Gambusia: derived from the Cuban term Gambusino, which means “nothing”
marshi: named in honour of E. G. Marsh, Jr,
Minckley, W.L. 1962: Two new species of fishes of the genus Gambusia (Poeciliidae) from northeastern Mexico. Copeia 1962
Collected by Minckley, Craddock, Donald R. Tindall, and Charles B. Stone on 16 August 1960
Panuco species group comprising of G. marshi, G. Panuco, G. regain,
Río Salado de los Nadadores, near junction with Río Salado de Monclova, 1mile south of
Hermanas, Coahuila, Mexico
Cuatro Cienegas basin and the Río Salado drainage, Coahuila, Mexico
Gambusia marshi is generally found in slow moving waters, regarded as most adaptable fish that can live in most environments, it can be found in most types of habitat from natural streams, marshes and lakes to artificial canals.
Males 3.5cm, Females 6cm
Gambusia marshi has a narrow but deep body, this is more noticeable in the male than the female who does have a higher back.

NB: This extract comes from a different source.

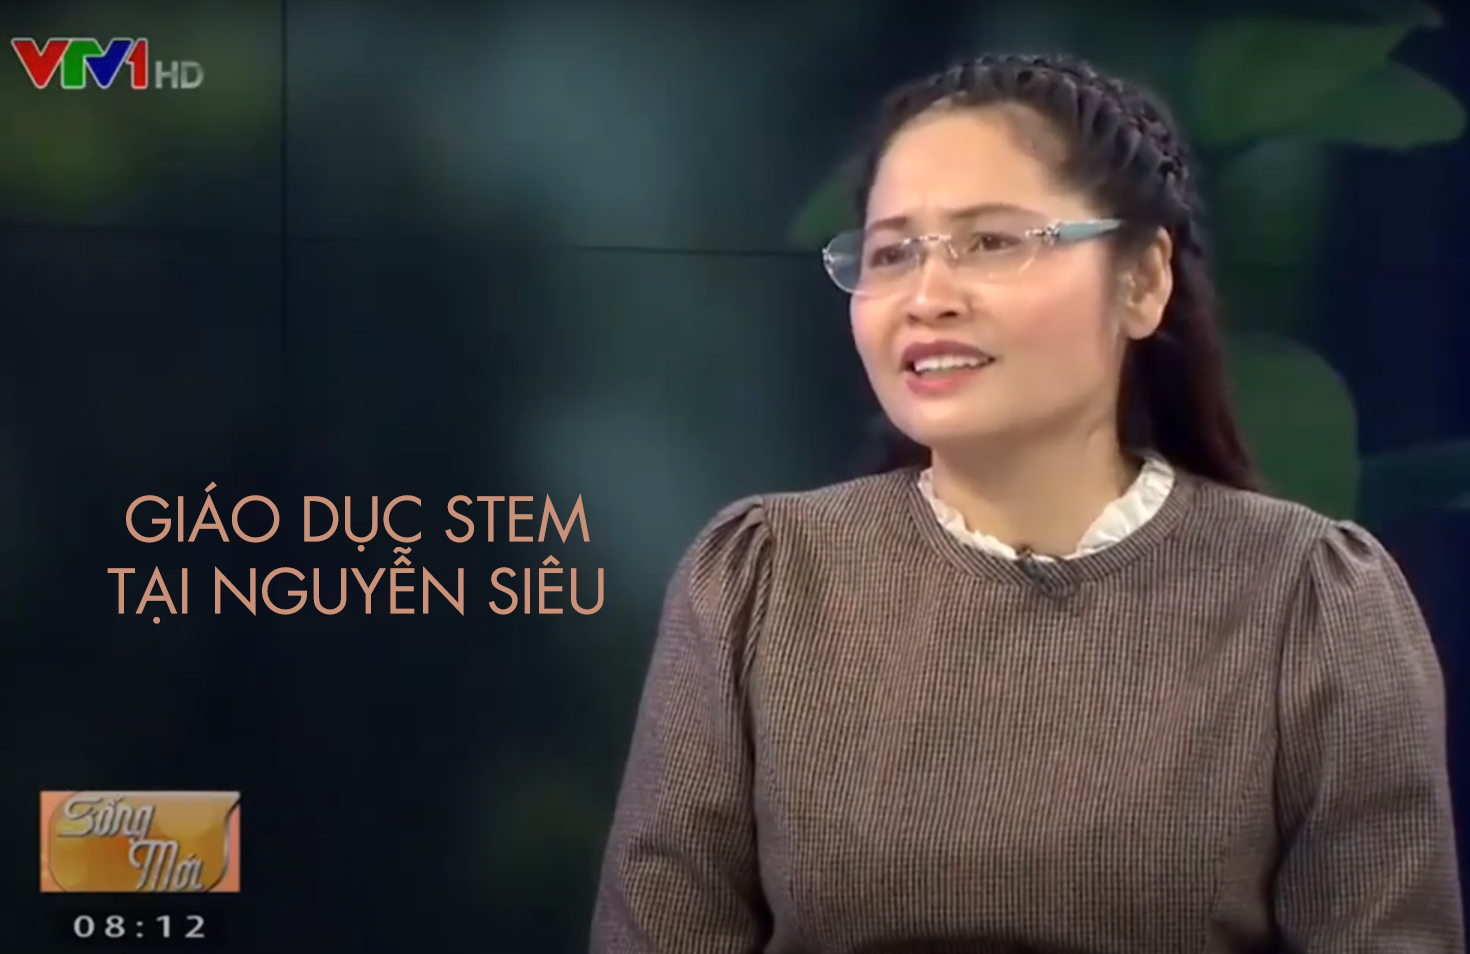 Hiệu trưởng Nguyễn Siêu nói về giáo dục STEM trên VTV1

This species has a relatively large head with a superior mouth. The dorsal fin is positioned quite far back on the body and the anal fin is large and rounded.
A base colour of yellowish brown with a dark brown lateral strip, the belly is white with a blue tint. It is not uncommon to find some specimens have black spots on their back.

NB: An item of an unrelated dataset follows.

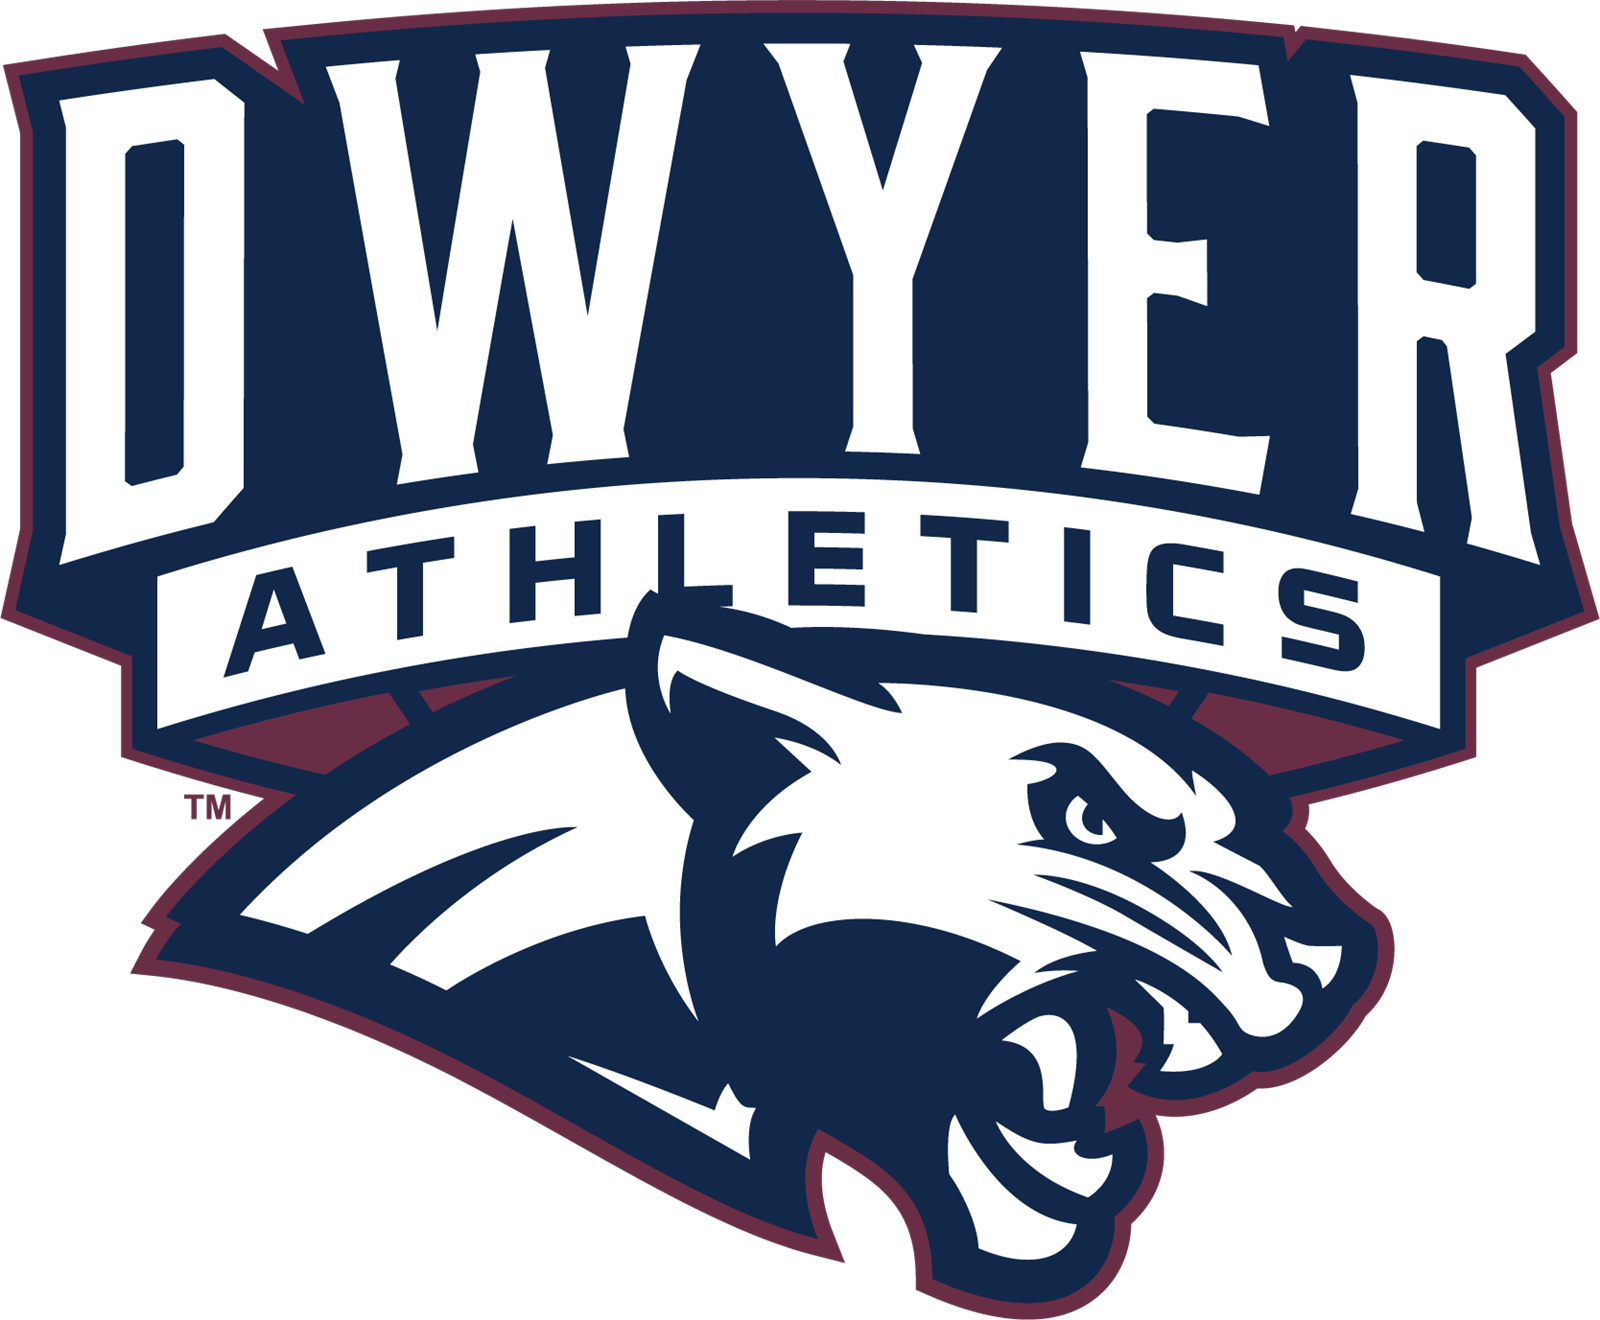 Dwyer Athletics logo

The dorsal fins of adult males is almost orange and all other fins are yellow, females show little colour in their fins.
This is an active, but peaceful fish
This species can be kept in most environments, but does seem to do better in a planted tank with a gentle flow. An omnivore in nature that prefers diet of live food
Generally not a problem to breed, ensure plenty of places for the fry to hide or use nursery tanks. Females will drop fry after about 28 days and depending on the size of the female, you can expect anything from 10 to 40+ fry.